Monday, March 27, 2006

Program Notes for Rosenmüller Vespers

Vespro della Beata Vergine, with music by Johann Rosenmüller, Giovanni Rovetta, and Pier Francesco Cavalli will be performed on Friday March 31, 8:00 p.m. at First Lutheran Church, Palo Alto; Saturday April 1, 8:00 p.m. at The Berkeley City Club, Berkeley; and Sunday April 2, 4:00 p.m. at St. Gregory Nyssen Episcopal Church, San Francisco. The program featured Laura Heimes, soprano; Jennifer Ellis, soprano, Margaret Bragle, alto; Daniel Hutchings, tenor; Hugh Davies, bass; Rob Diggins, violin; Jolianne von Einem, violin; David Wilson, viola; Vicki Gunn Pich, viola; John Dornenburg, violone; David Tayler, theorbo; Hanneke van Proosdij, organ.

One of the most highly regarded German composers of the second half of the seventeenth century, Johann Rosenmüller’s music has been rarely performed since then. Following the practice of many northern composers of the period, he preferred to have his sacred music disseminated in manuscript. Fortunately a considerable number of those manuscripts have survived and we are pleased to feature Rosenmüller in this reconstruction of a vespers service as it would have been performed in Venice, the composer’s adopted home.

Born around 1619 in a small town near Zwickau in Saxony, Rosenmüller studied theology at the University of Leipzig and music with Tobias Michael, cantor of the Thomasschule. His quickly rose to the postion of assistant cantor by 1650. He was appointed organist at Nikolaikirche in 1651 and in 1653 he was promised the succession to the cantorate.

This promising career came to an abrupt halt in 1655 when, along with several of the St. Thomas schoolboys was accused of homosexuality for which he was jailed. While awaiting trial he managed to escape and eventually made his way to Venice where, in January of 1658 he was appointed as a trombonist in the orchestra of San Marco. He remained in Venice until 1682, when he was kappelmaister in Wolfenbüttel until he died in 1684. While in Venice, rosenmüller was active as a composer, both at San Marco and at the Ospedale della Pietà, where Vivaldi would be employed a few decades later.

Almost all of Rosenmüller’s extant vocal music is sacred with a significant body of music for Vespers. While the psalms and Magnificat we will perform were no doubt written during Rosenmüller’s time in Venice, it has thus far proven impossible to date them with any accuracy or to associate them with any particular occasion or location. Stylistically the setting of Lauda Jerusalem would seem to be the earliest composition, and the key of the Nisi Dominus would suggest a relative later date. The Dixit Dominus and Magnificat settings are particular fine examples of the late Venetian concertato style, demonstrating a satisfying blend of Rosenm’ller's native Northern tast for intricate counterpoint and the bold harmonic language and clear tonal structures characteristic of the Italian masters.

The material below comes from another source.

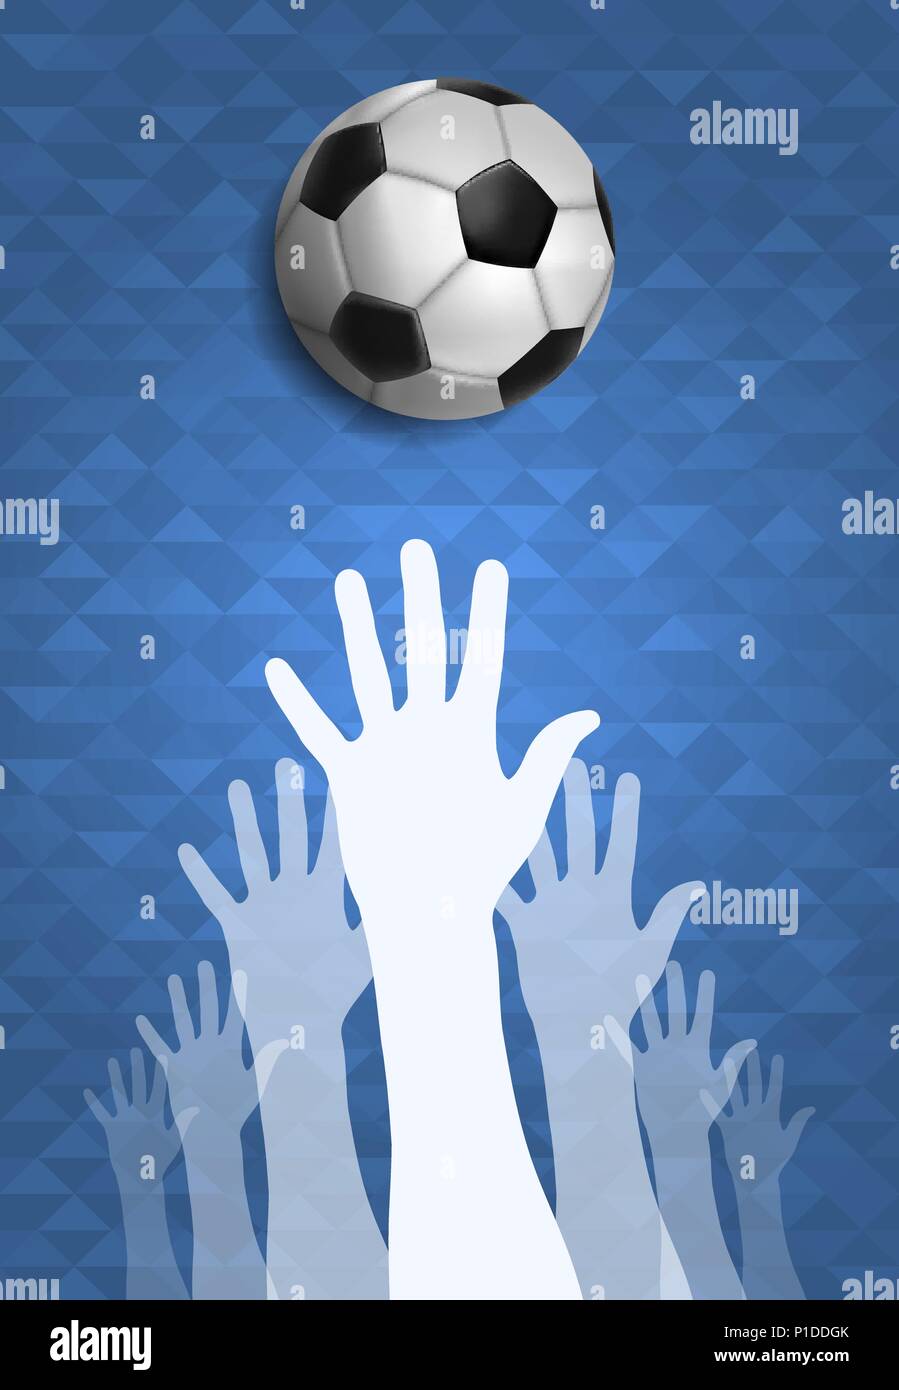 Fußball-Event Abbildung, sport spiel Hintergrund mit Menschen Hand und Fuß ball. United Gemeinschaft für Sport. EPS 10 Vektor. Stock Vektor

Near the end of his life Rosenmüller published a collection of twelve sonatas from which our antiphon substitutes are drawn. A compendium of the stylistic and gestural possibilities of the mid seventeenth century ensemble sonata, the collection most likely contains works composed from various atges of Rosenmüller’s life. The collection was dedicated to the cousin of Duke Johann Friedrich of Brunswick-Lüneburg, who may have been responsible for the composers return to Germany.

Two composers that Rosenmüller would have worked closely with while in Venice are also represented on our program. Giovanni Rovetta assumed the post of maestro di cappella at San Marco on th death of Caludio Monteverdi in 1643 and remained in that position for the remainder of his life. During this period Pier Francesco Cavalli, though best known as a composer of stage works for the newly created public opera houses of Venice, was the organist at San Marco through the 1640s and 1650s, assuming the role of maestro di cappella when Rovetta died in 1664.

I am extremely grateful to Prof. Kerala Snyder for providing copies of the manuscripts for Dixit Dominus and Nisi Dominus and to Johan Tufveson for his excellent website, the source for the 1682 sonatas. Thanks also to Herb Myers and William Mahrt, the music libraries of UC Berkeley and Stanford, Nika Korniyenko, and Tchocky.